**EXCERPTED DATA:**
____
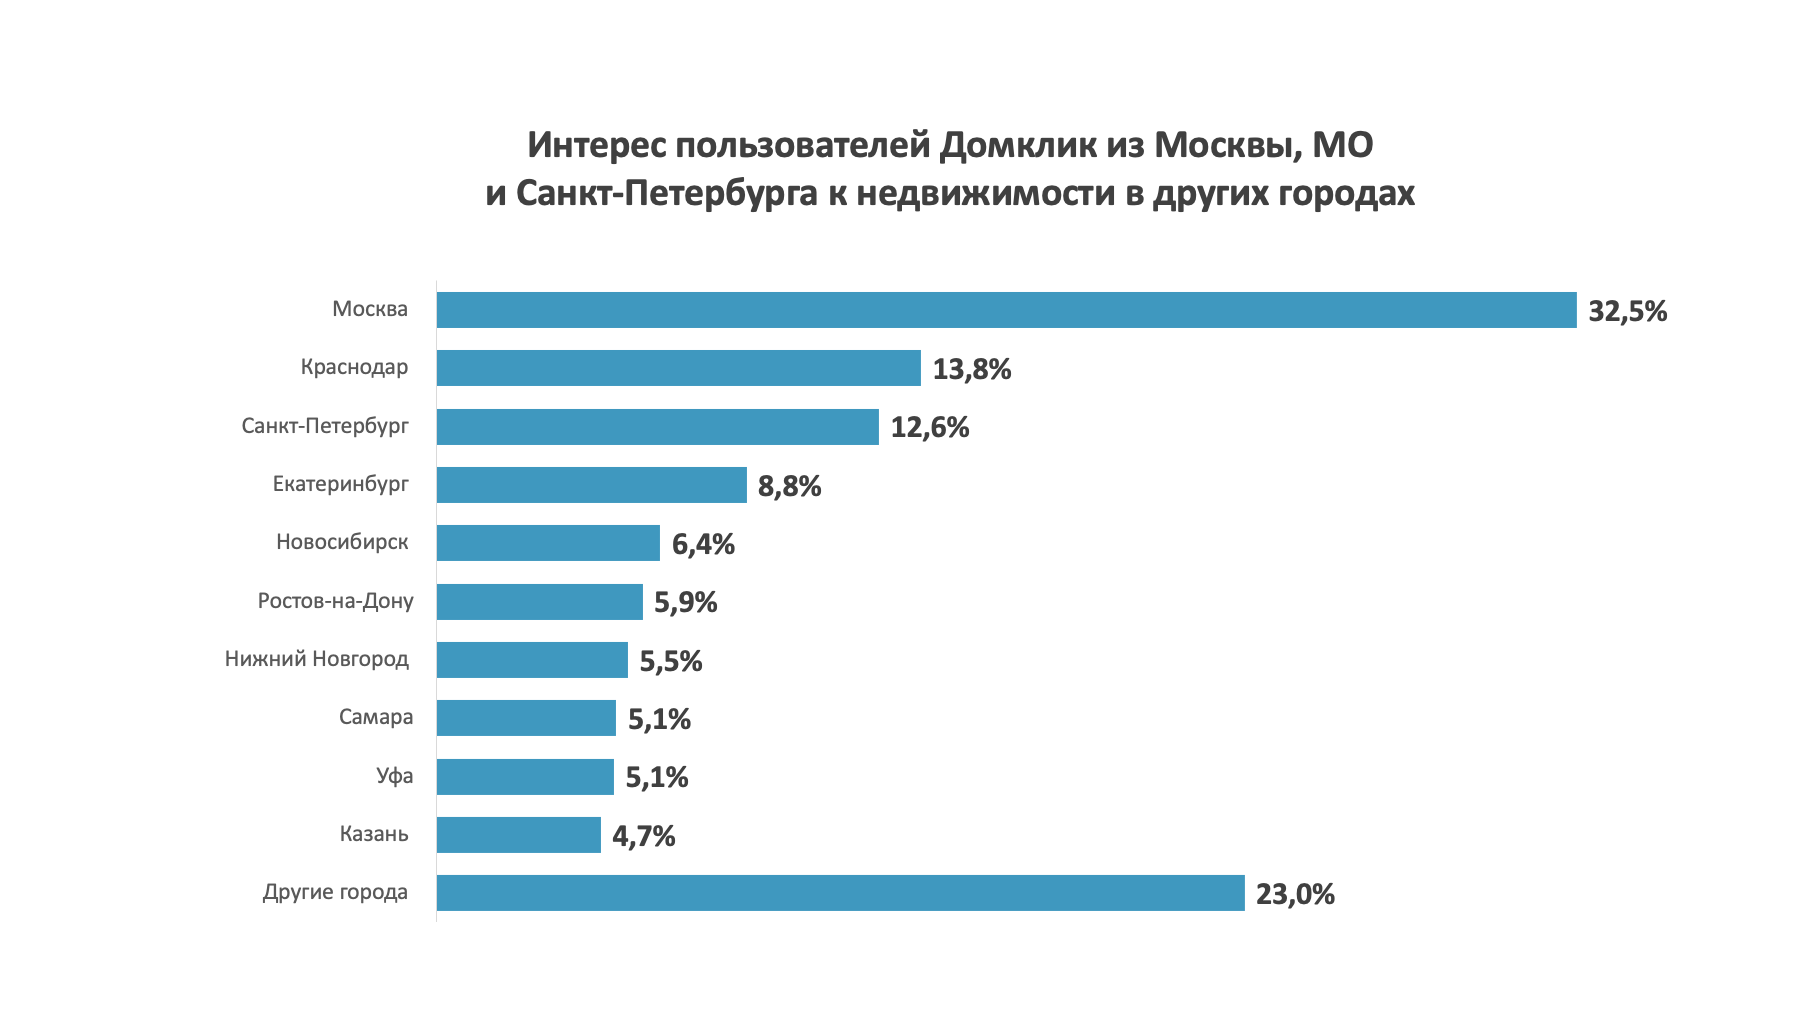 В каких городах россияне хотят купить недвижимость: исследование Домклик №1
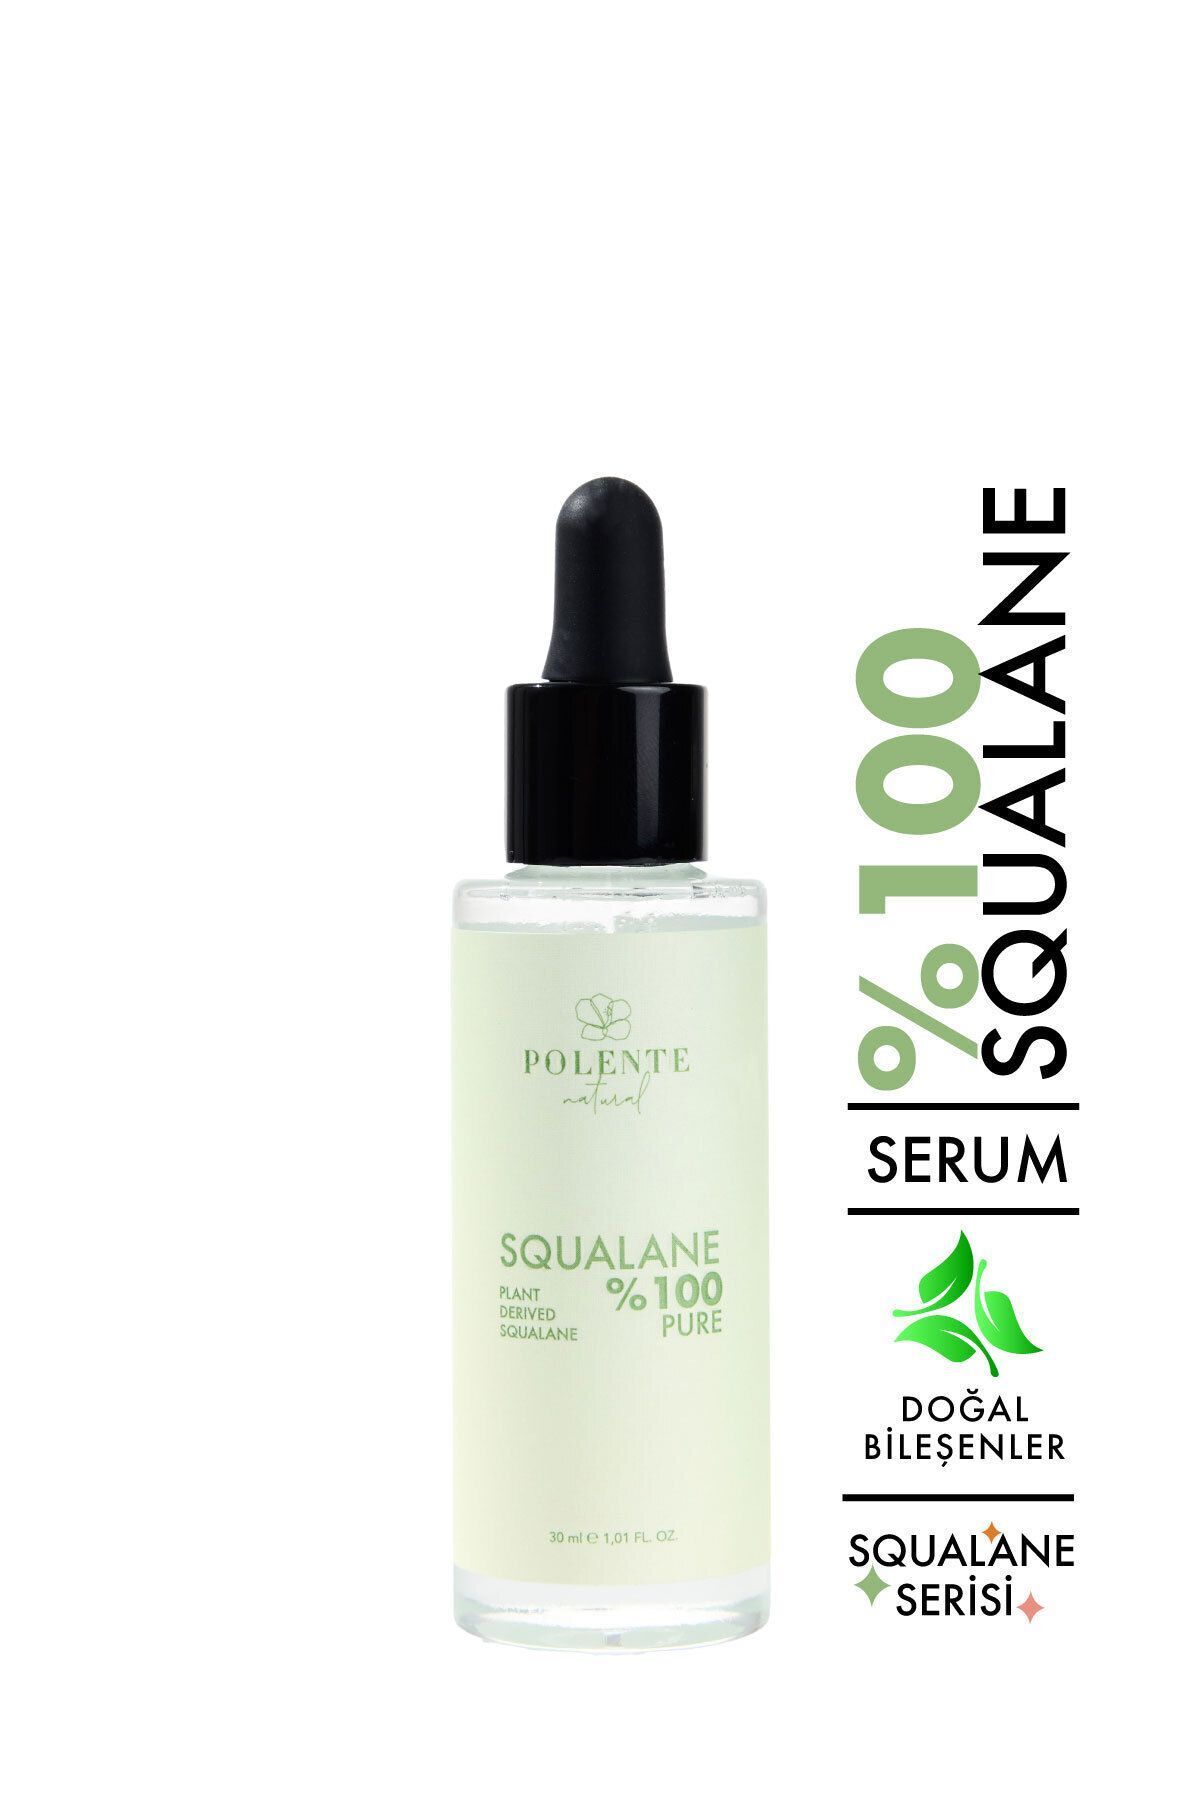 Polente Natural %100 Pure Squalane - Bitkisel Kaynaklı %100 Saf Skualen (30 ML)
____
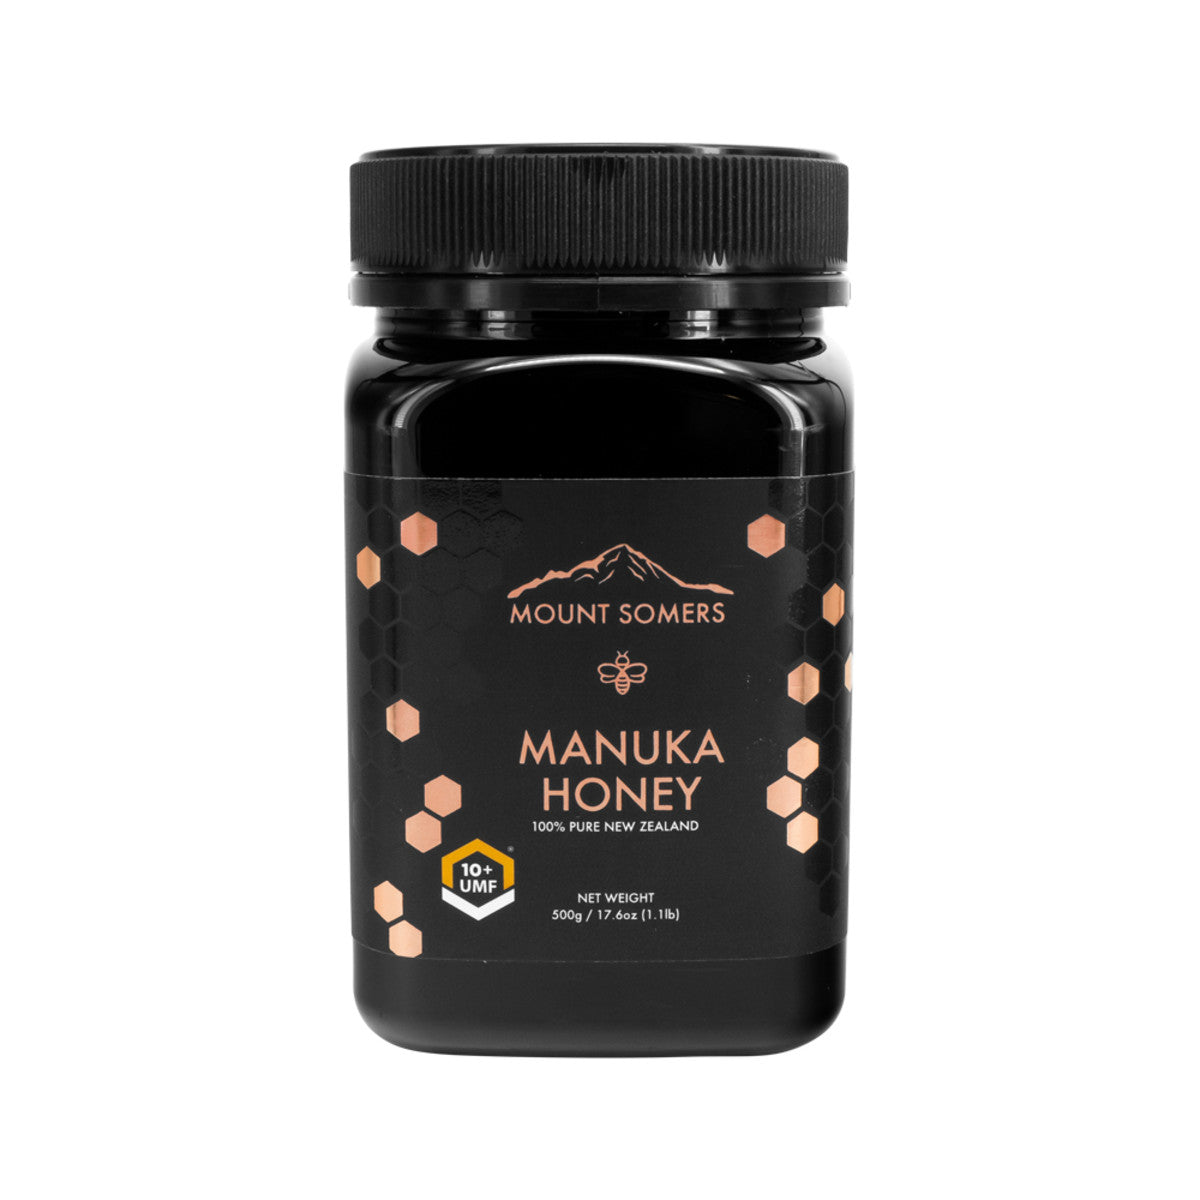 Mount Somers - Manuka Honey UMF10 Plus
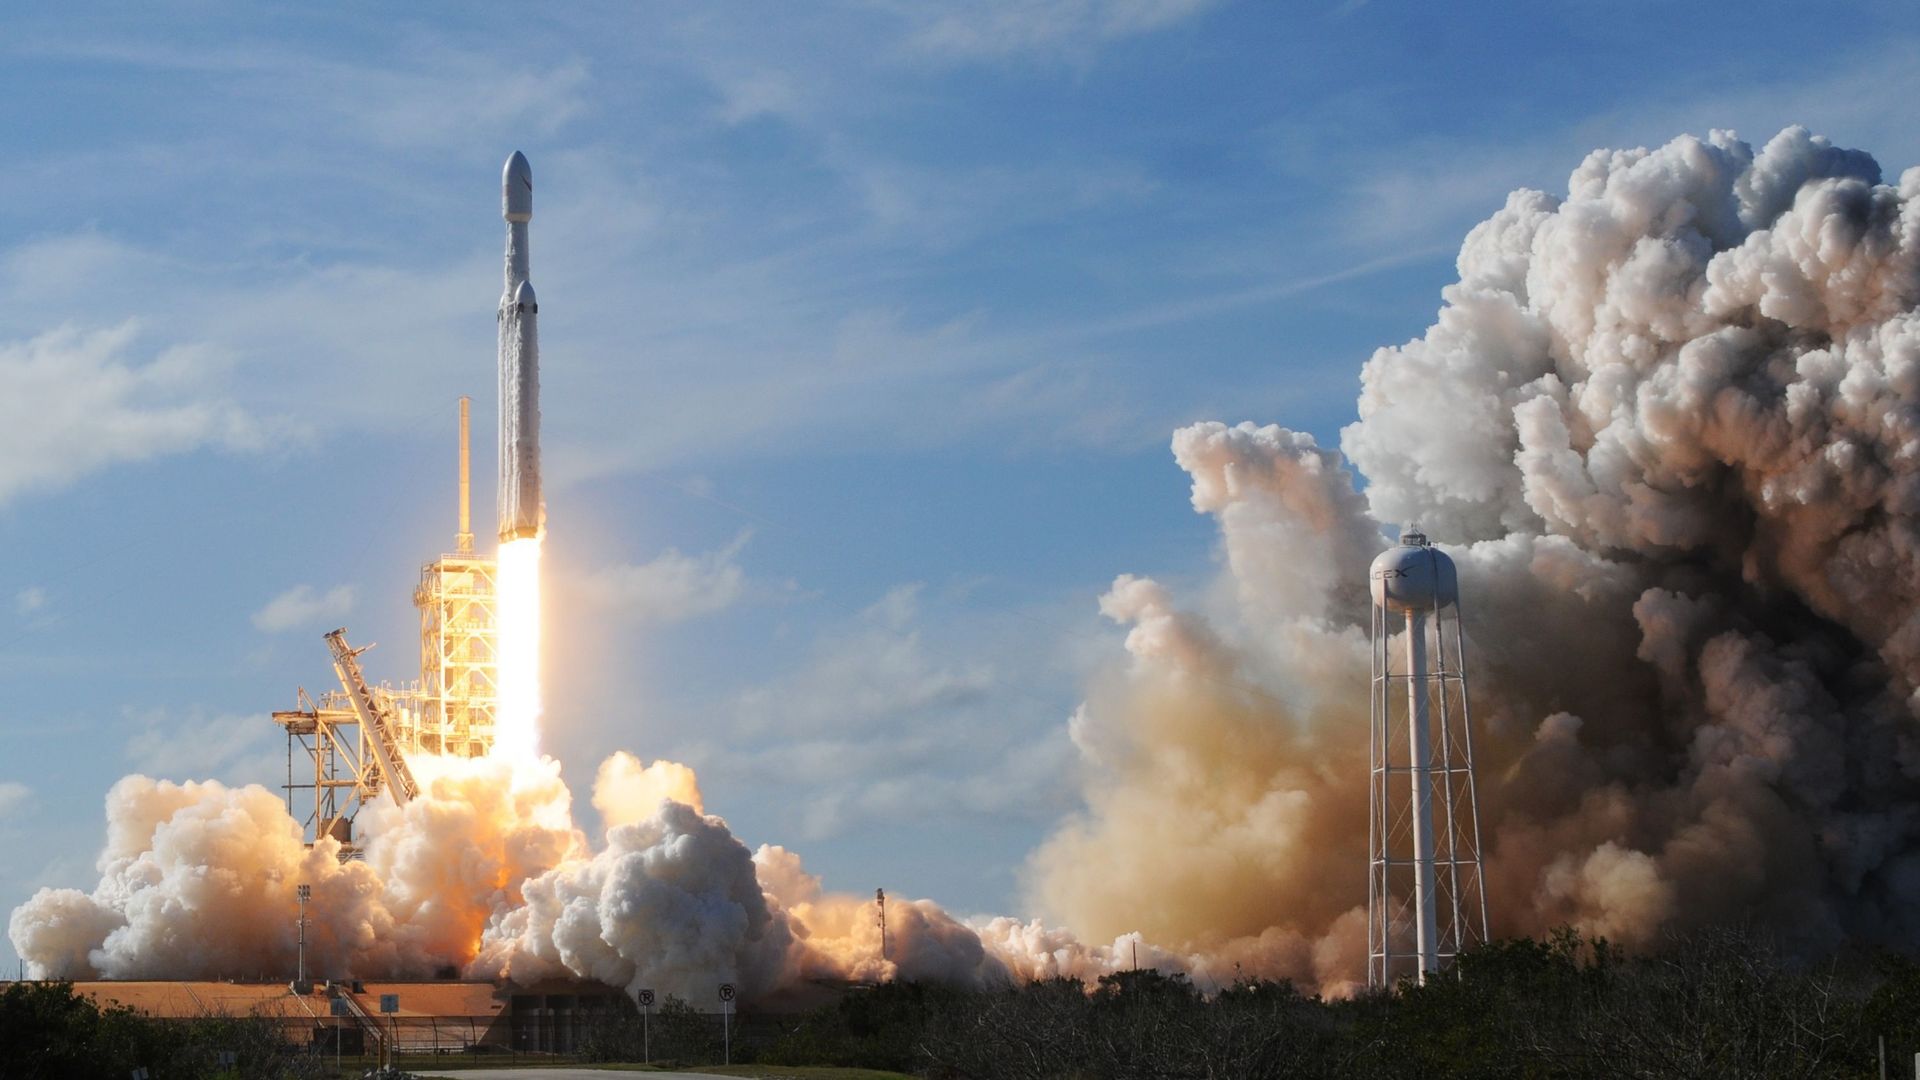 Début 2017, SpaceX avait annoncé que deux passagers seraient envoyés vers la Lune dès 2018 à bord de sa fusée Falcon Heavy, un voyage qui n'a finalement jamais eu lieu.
____
**WHAT IS EXPECTED:**
Word for word, restate the lines above from the one with "В каких городах" through the one with "Polente Natural %100", keeping both ends and dropping the pictures.

**RESPONSE BELOW:**
 В каких городах россияне хотят купить недвижимость: исследование Домклик №1
 Polente Natural %100 Pure Squalane - Bitkisel Kaynaklı %100 Saf Skualen (30 ML)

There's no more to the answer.